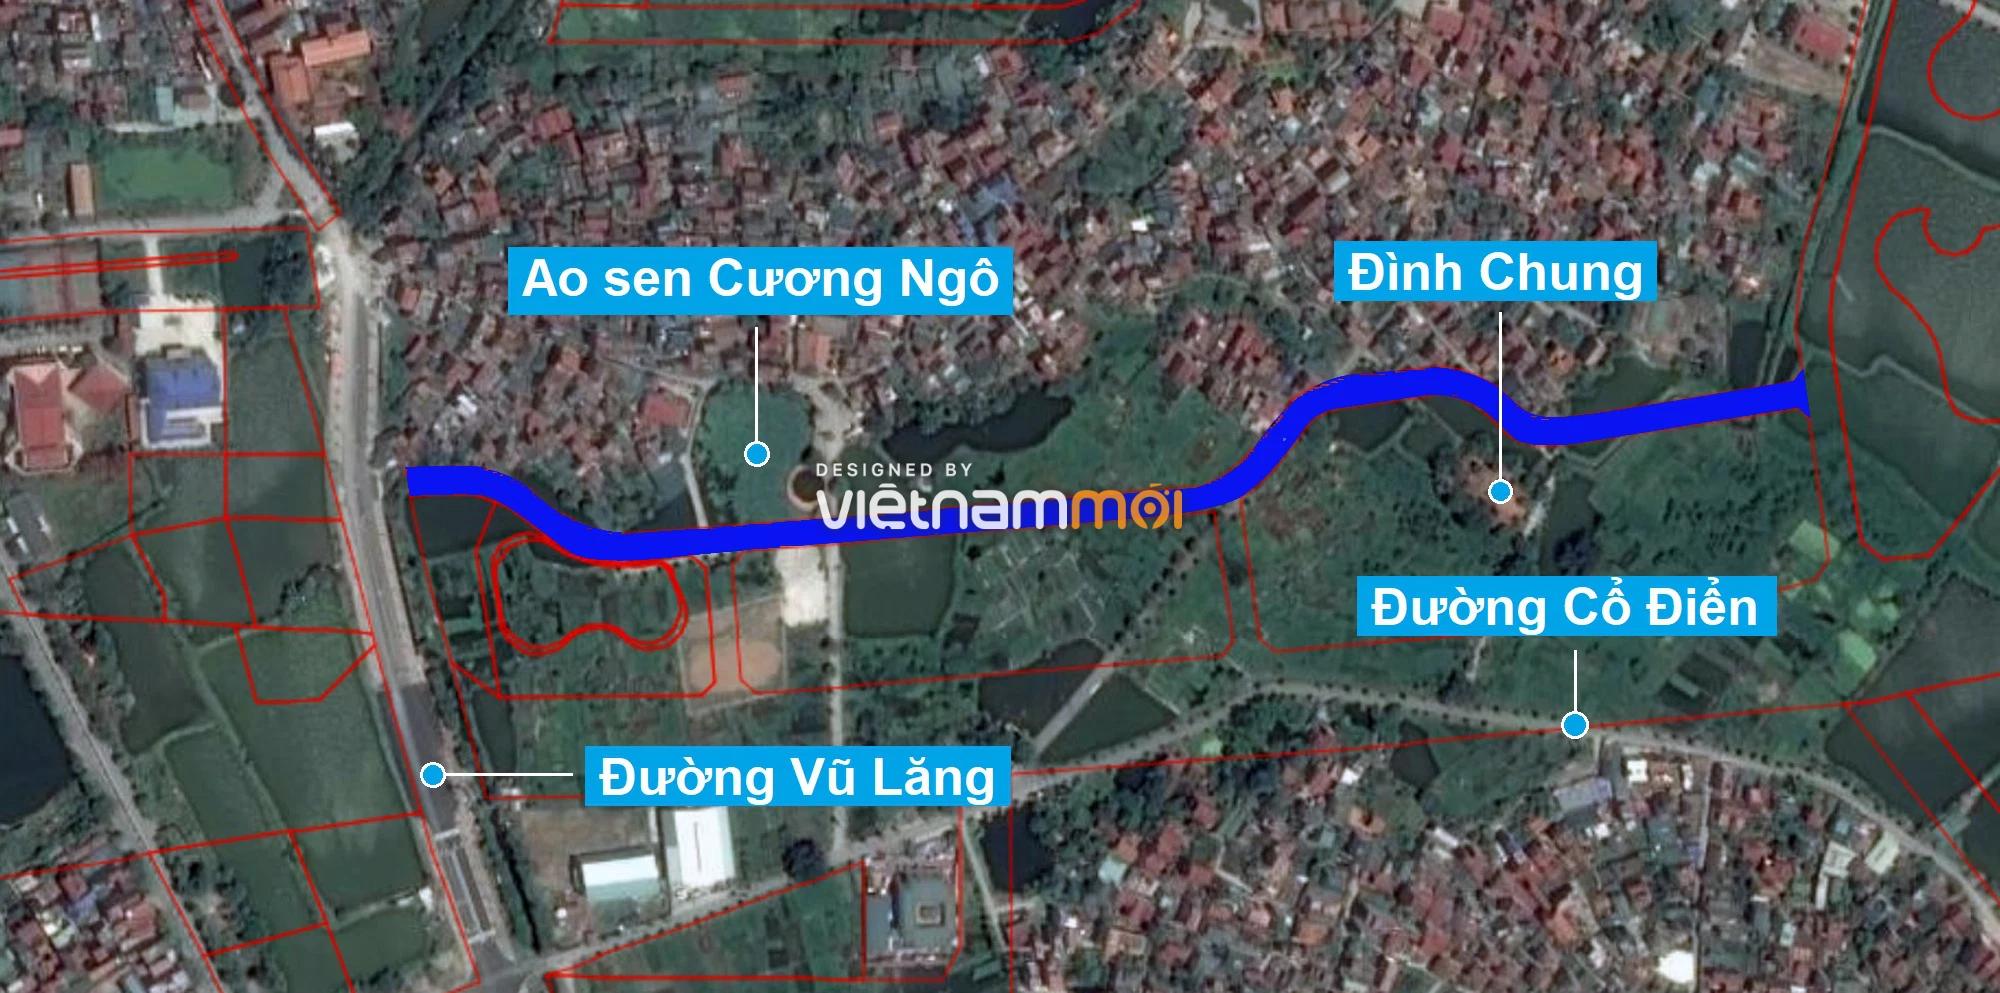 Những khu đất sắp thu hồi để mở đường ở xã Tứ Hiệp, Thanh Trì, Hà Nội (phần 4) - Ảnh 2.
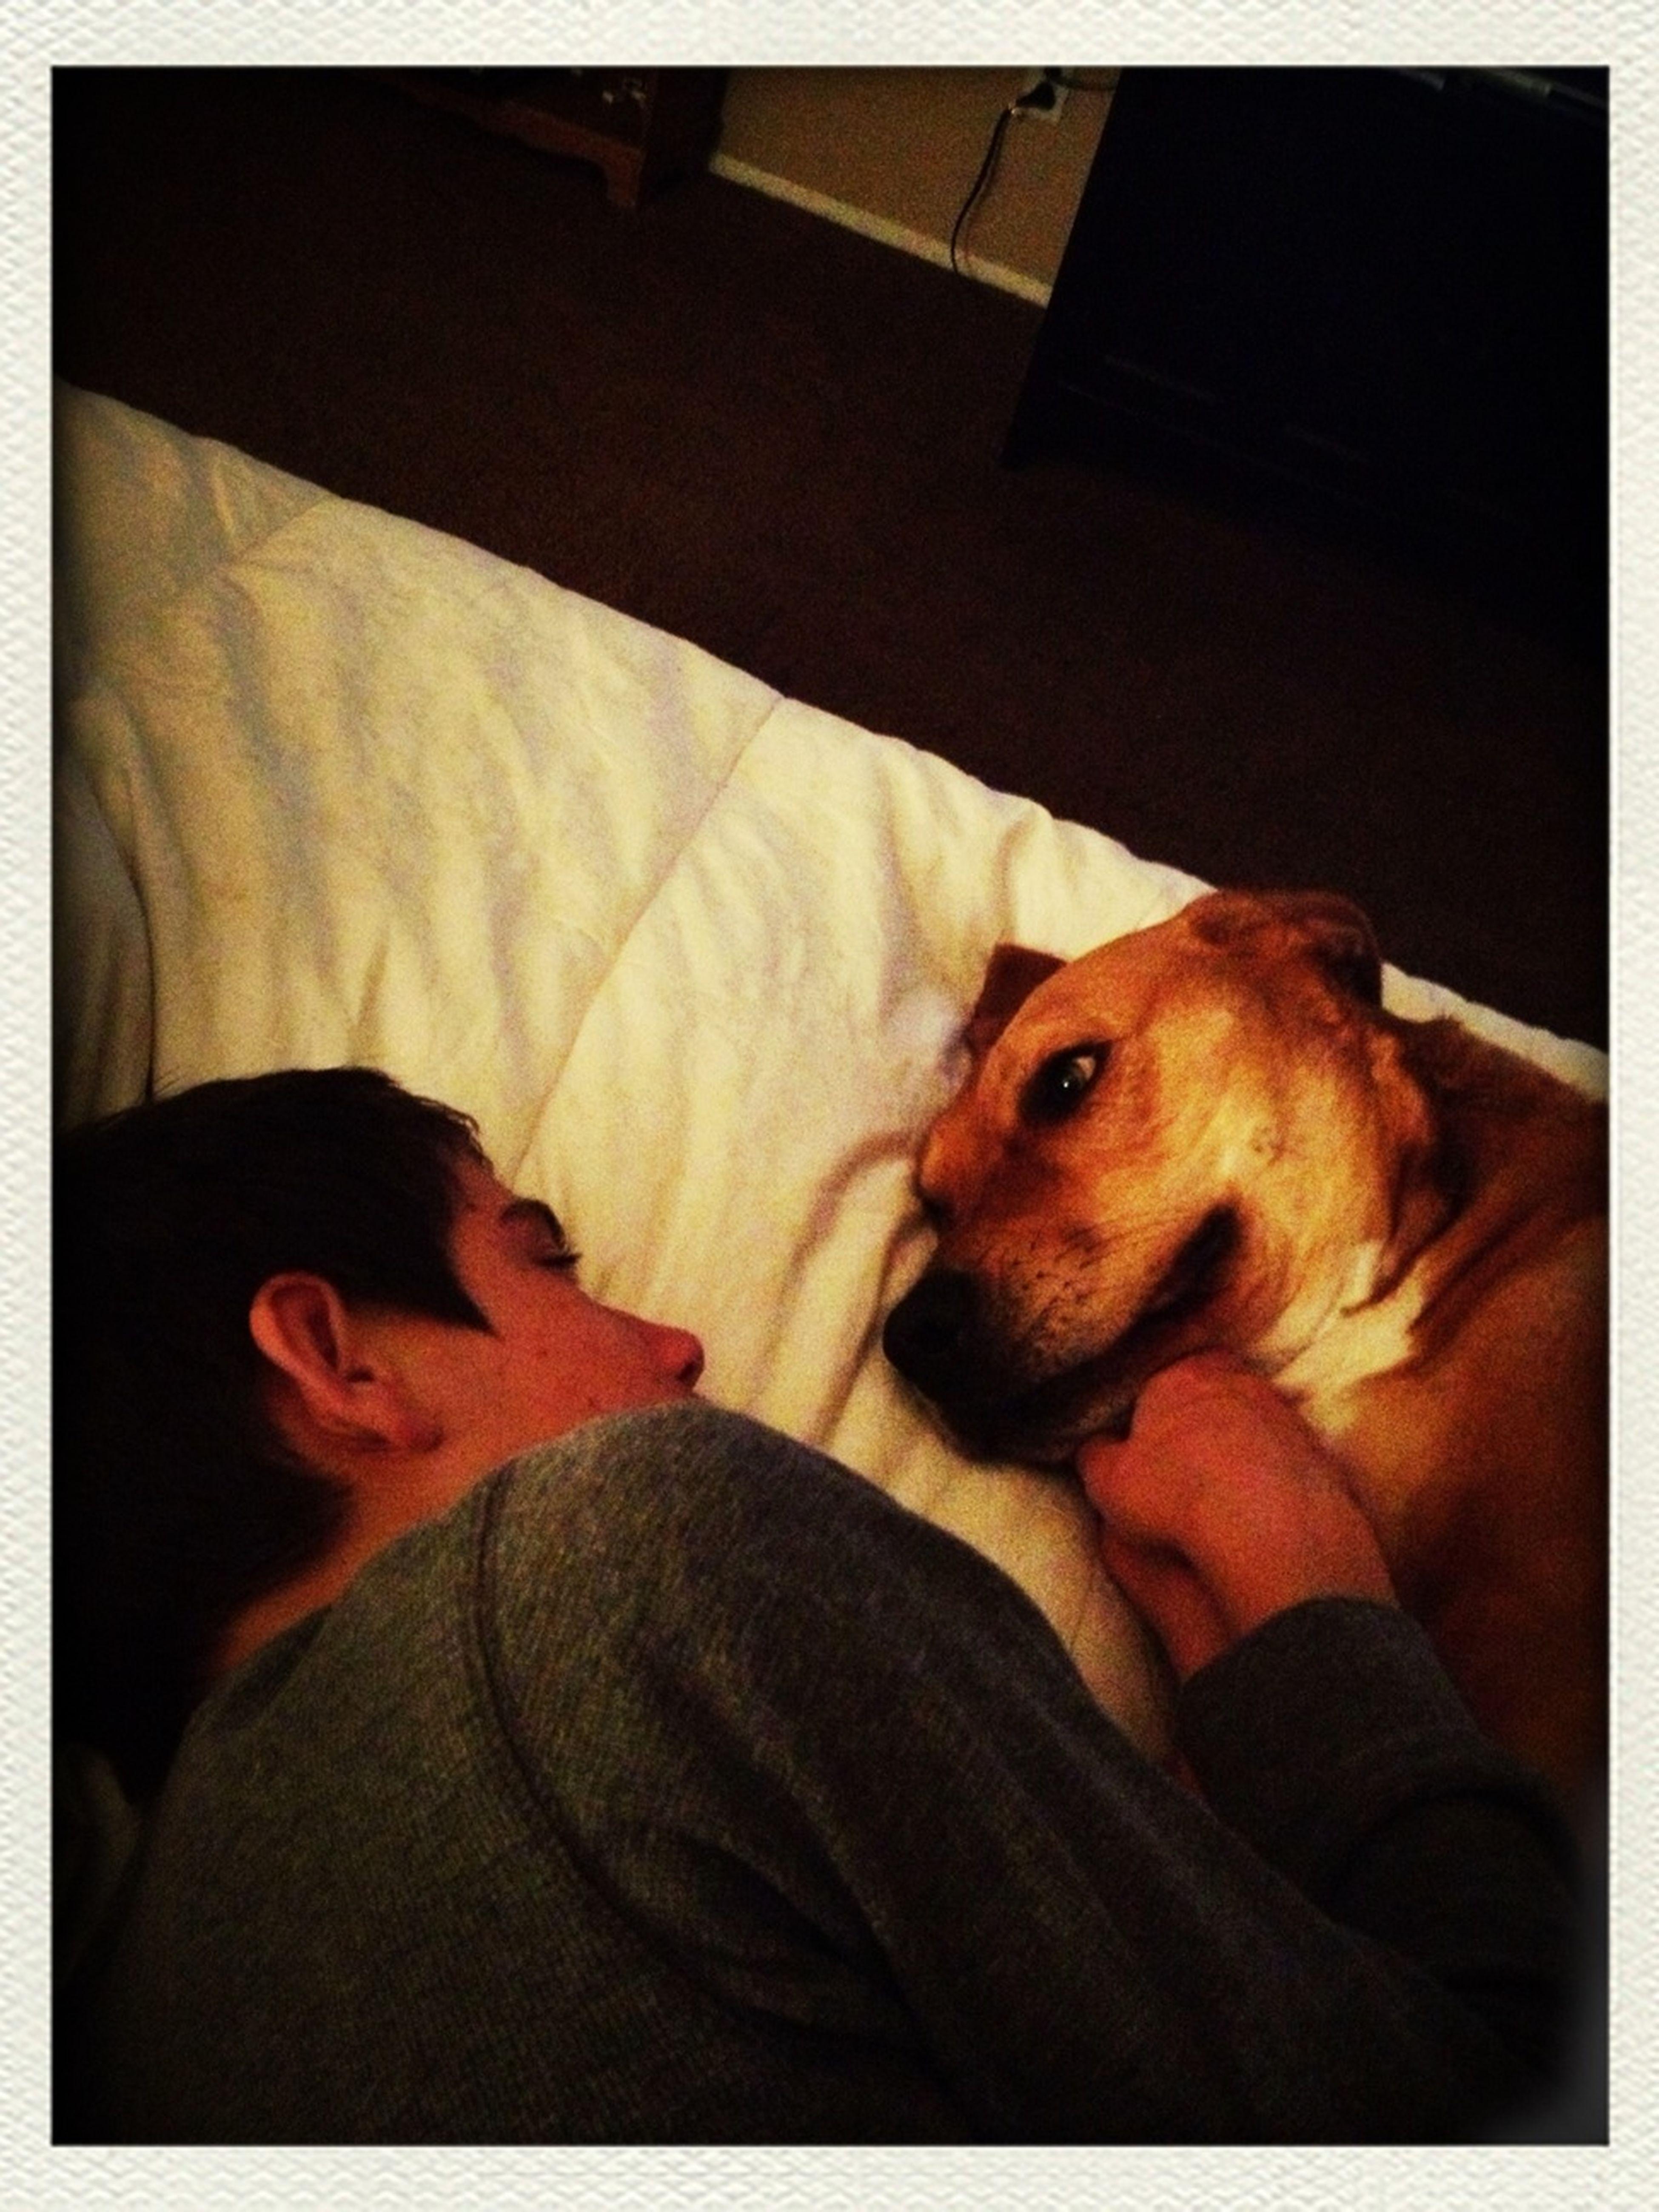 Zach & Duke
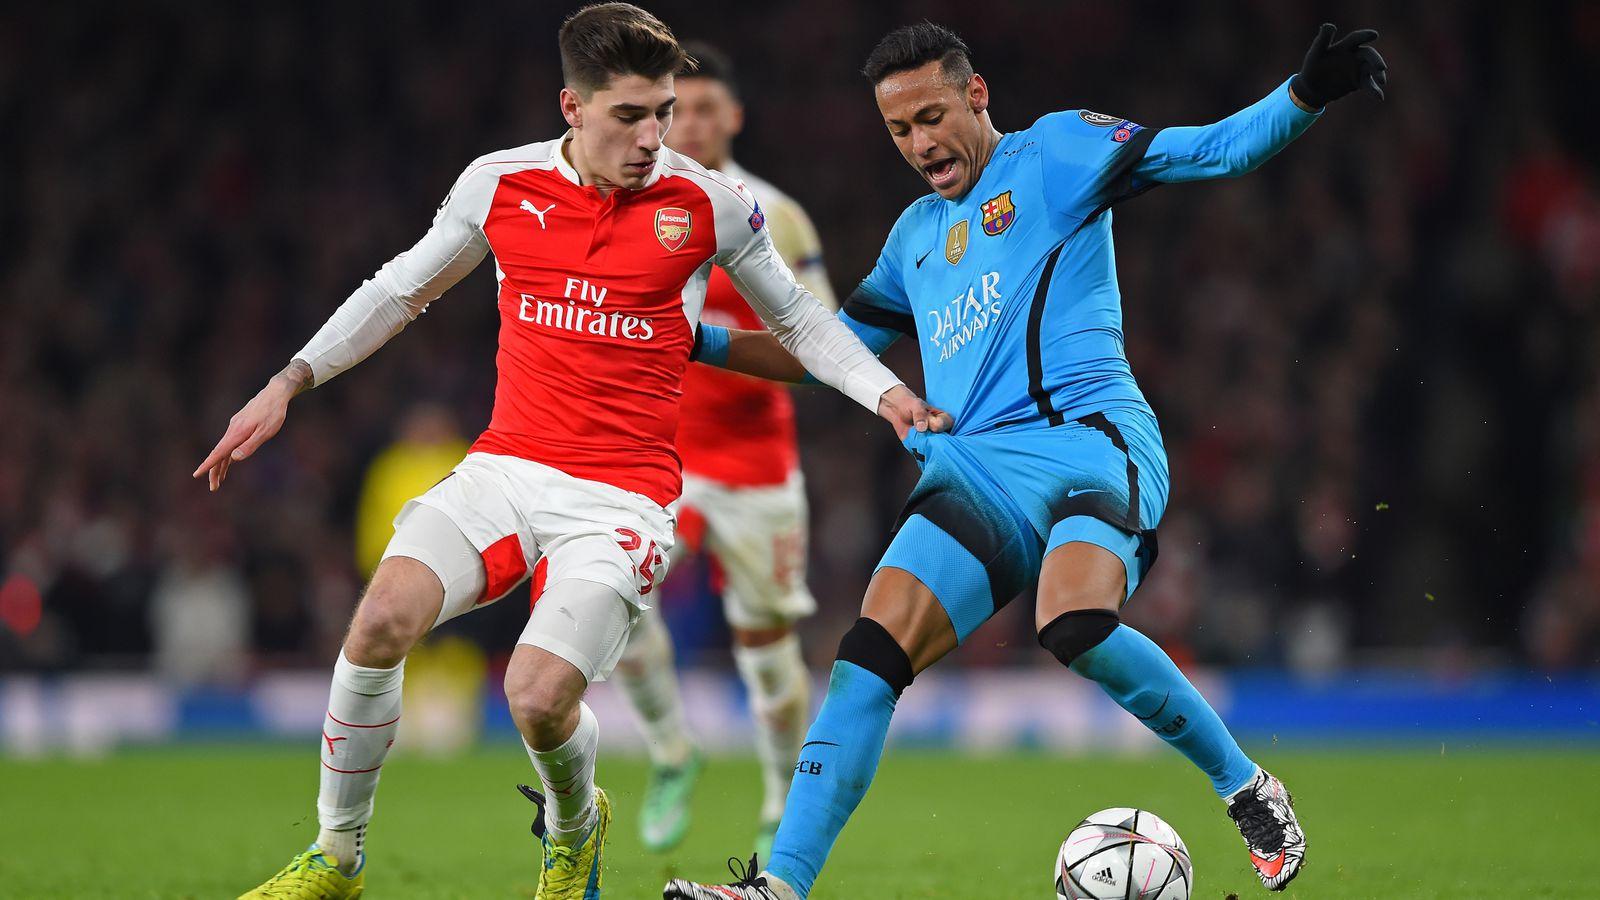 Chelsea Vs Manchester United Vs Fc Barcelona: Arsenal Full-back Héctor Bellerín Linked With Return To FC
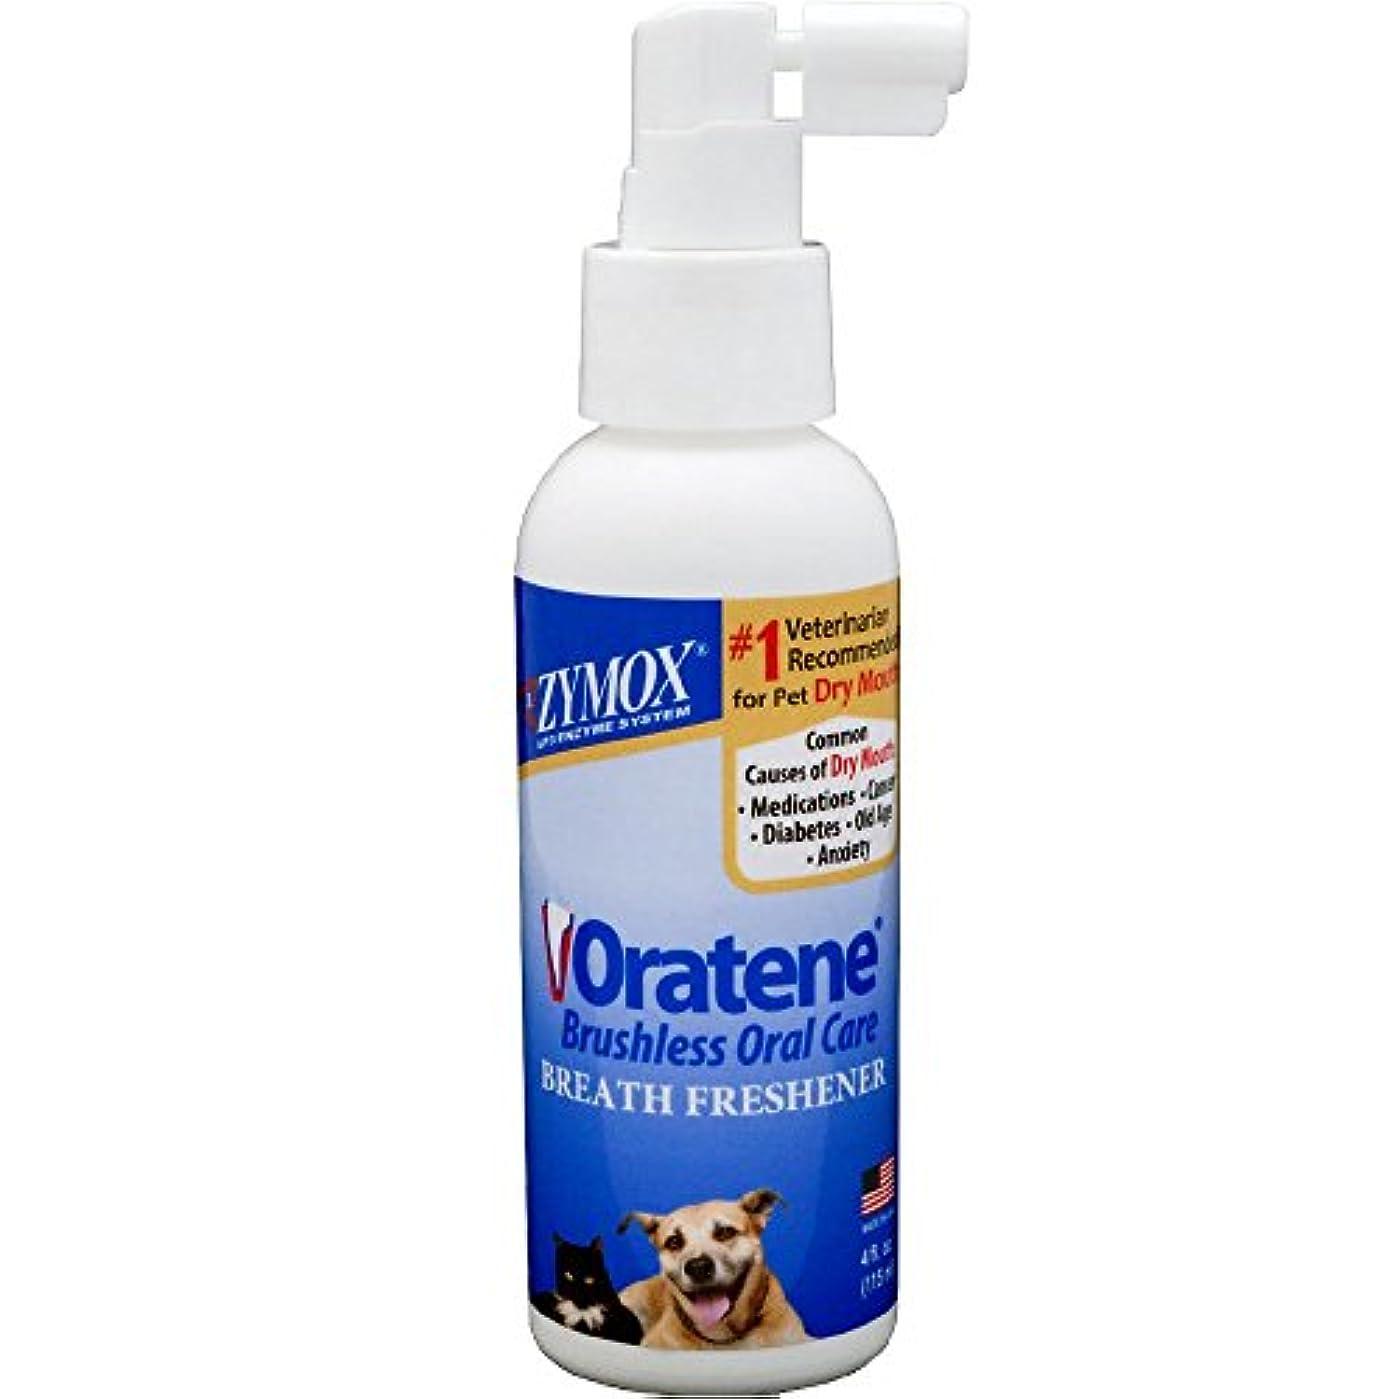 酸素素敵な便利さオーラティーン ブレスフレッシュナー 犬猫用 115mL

★ ★ ★ ★ ★ ★ ★

● **YOUR OBJECTIVE**:
Could the data be reproduced exactly, with the pictures omitted?

● **SOLUTION TO THE EXERCISE**:
 Những khu đất sắp thu hồi để mở đường ở xã Tứ Hiệp, Thanh Trì, Hà Nội (phần 4) - Ảnh 2.
 Zach & Duke
 Chelsea Vs Manchester United Vs Fc Barcelona: Arsenal Full-back Héctor Bellerín Linked With Return To FC
 酸素素敵な便利さオーラティーン ブレスフレッシュナー 犬猫用 115mL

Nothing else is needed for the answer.